In theory, we could use high voltage DC, but then each appliance will still need something to drop the voltage.

I personally like how USB is becoming the low voltage standard. You can find outlets with USB built in.



48VDC at 20A is more than enough for most loads in a home (960W) and 12 gauge wire (standard in many homes) will handle that just fine. Auto battery cables are thick because they have to supply hundreds of amps at 12V. Different situation.


960 watts will not power a hair dryer, an Instant Pot, a space heater, a full-sized coffee maker, or a toaster.


Out of about 100 things that plug in to the wall in an average home you've just listed 5 that won't work. (You missed the water heater and the clothes dryer BTW). This is exactly what I meant by "most."


> a hair dryer, an Instant Pot, a space heater, a full-sized coffee maker, or a toaster.

Are the "most" important, IMO


There's no reason homes couldn't distribute 120Vdc over the same wire guage used for ac since all applience motors are now dc and all electronic PSUs are switched mode.

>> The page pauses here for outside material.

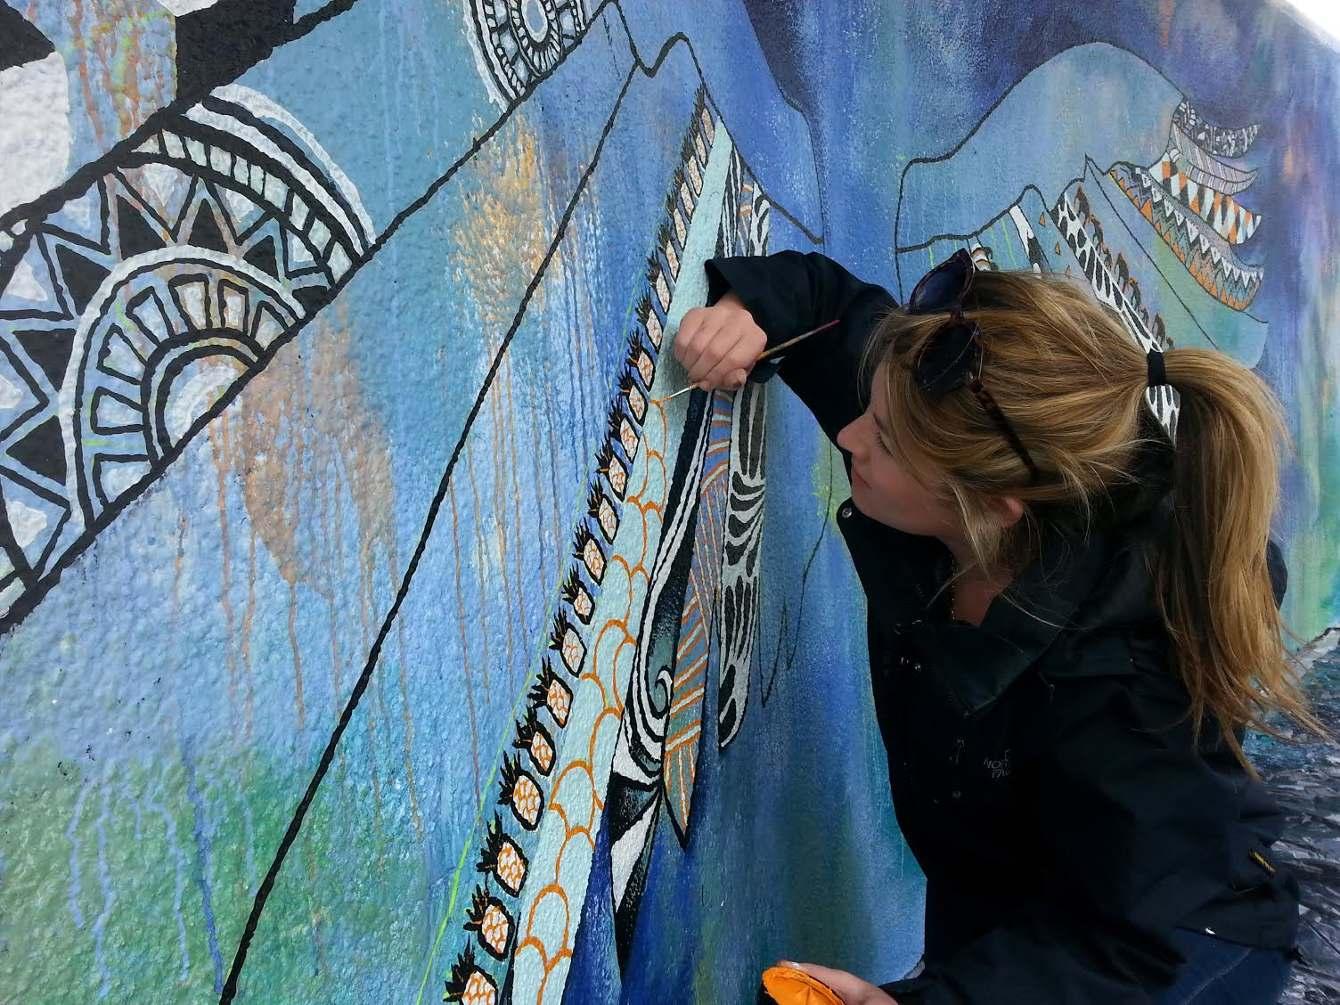 downtown_tauranga_wings_mural_progress-4.jpg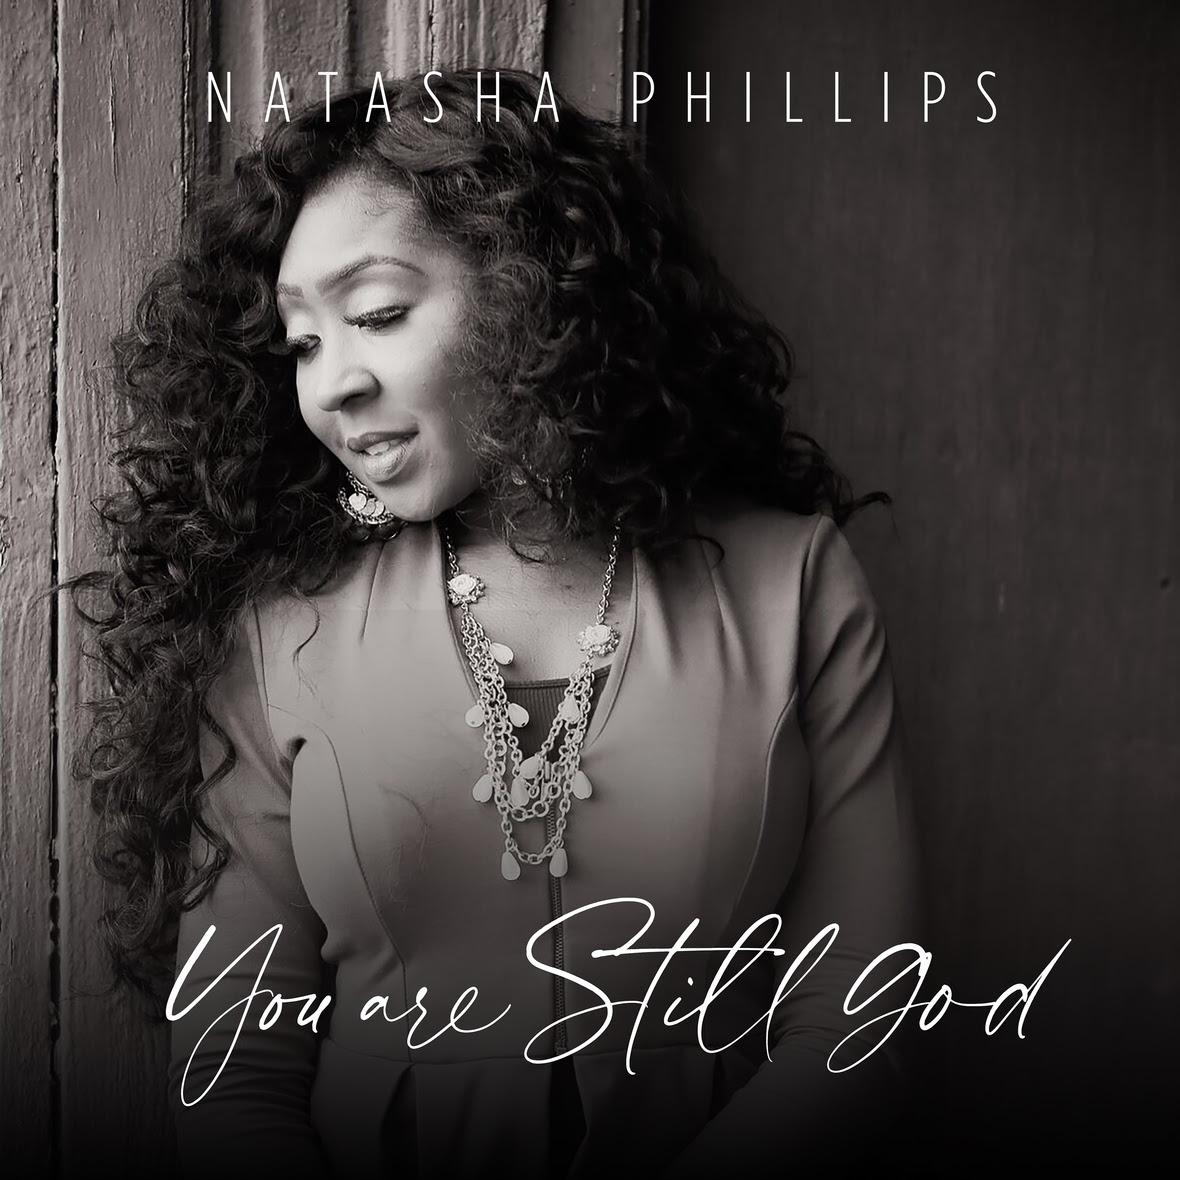 Natasha Phillips - You Are Still God - Cover

Each appliance already has "something to drop the voltage".


Just go to a higher voltage already, if you go for DC. Most computers e.g. are fine with 300~350 V DC (and would not be fine with 120 V DC, as the high-voltage side of their power supplies isn't designed for the current you'd have at "just" 120 V).


The US uses 120v AC because incandescent light bulbs and heaters that ran at 100v DC would work at 120v AC. It allowed upgrading the original DC grids to AC with minimal impact.